Les standards ouverts permettent aux différents services de connecter leurs ressources et facilitent l’adoption future de nouvelles applications analytiques, tableaux de bord et autres outils. Ils favorisent également la coopération entre fournisseurs. Axis, par exemple, collabore avec plusieurs leaders du secteur afin de proposer des solutions adaptées à des besoins spécifiques.

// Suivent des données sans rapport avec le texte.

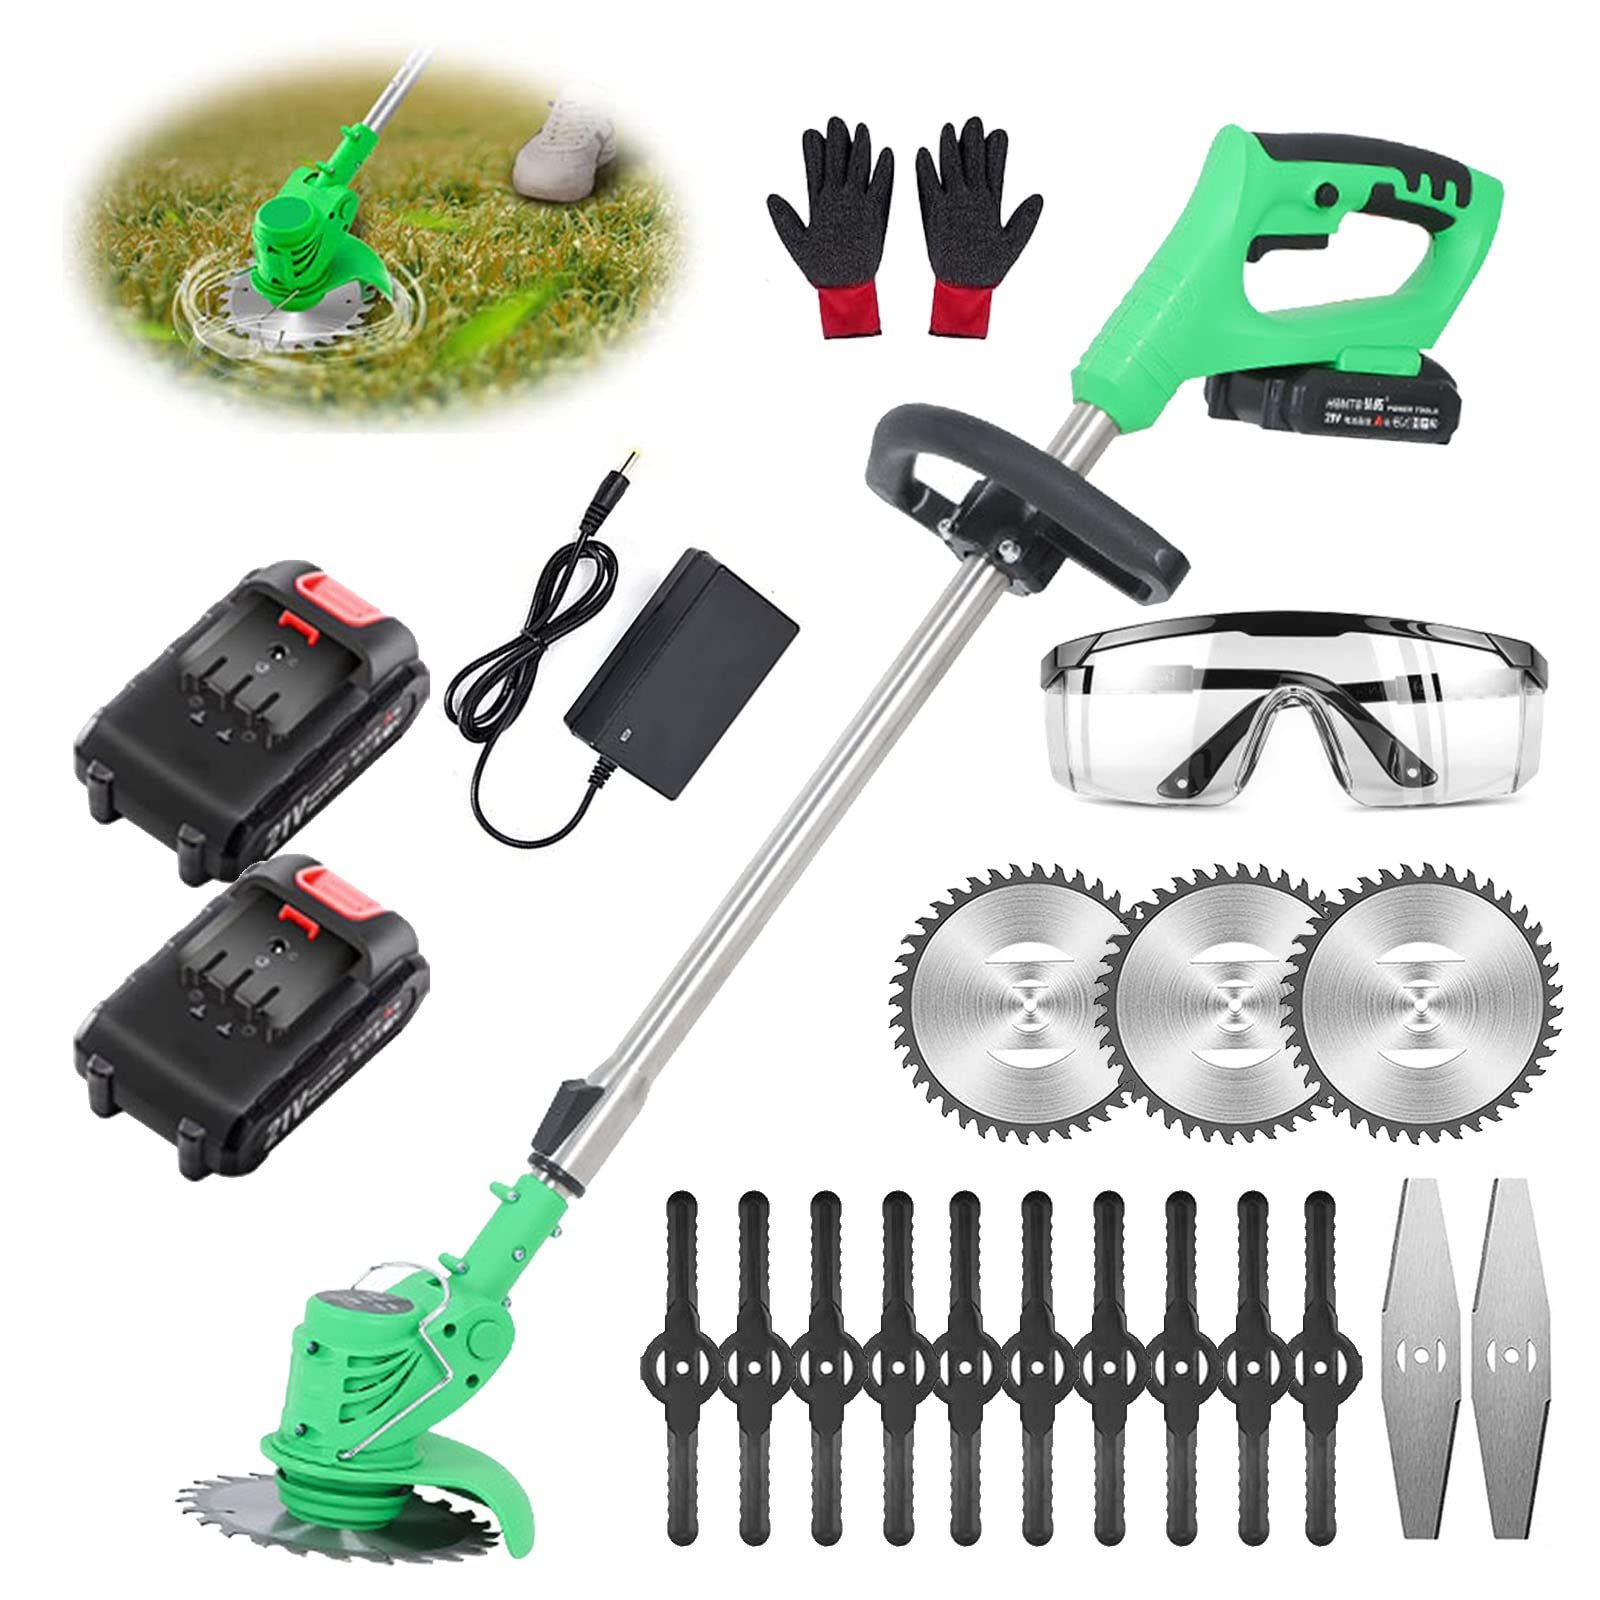 TRUNYAQI String Trimmer Cordless Grass Trimmer Electric Edger Battery Powered Lawn Mower Weed Brush Cutter Kit for Garden Review

Créer de la valeur : des décisions d’aujourd’hui aux performances de demain
Les organisations chargées de la sécurité publique qui développent dès aujourd’hui des écosystèmes de données stratégiques et de qualité seront les mieux placées pour démontrer demain des gains mesurables en efficacité opérationnelle. Dans un contexte budgétaire contraint, elles disposeront d’arguments plus solides pour obtenir les ressources nécessaires.
Une évaluation réaliste des risques
Les organismes qui réfléchissent déjà à leur infrastructure de données sont également mieux préparés à intégrer des solutions telles que les RTCC, les centres d’opérations d’urgence (EOC) ou encore les jumeaux numériques, appelés à jouer un rôle croissant dans la sécurité publique au cours des prochaines années. À l’inverse, retarder ces choix stratégiques peut entraîner des coûts importants lorsqu’il faudra remplacer des systèmes devenus obsolètes ou incompatibles.
Au final, les organisations qui tirent le plus de valeur des métadonnées et des analyses ne sont pas forcément celles qui produisent davantage de données. Ce sont celles qui posent de meilleures questions aux données dont elles disposent déjà et qui s’appuient sur les réponses obtenues pour prendre des décisions plus éclairées. Les premières étapes peuvent être aussi simples que cela.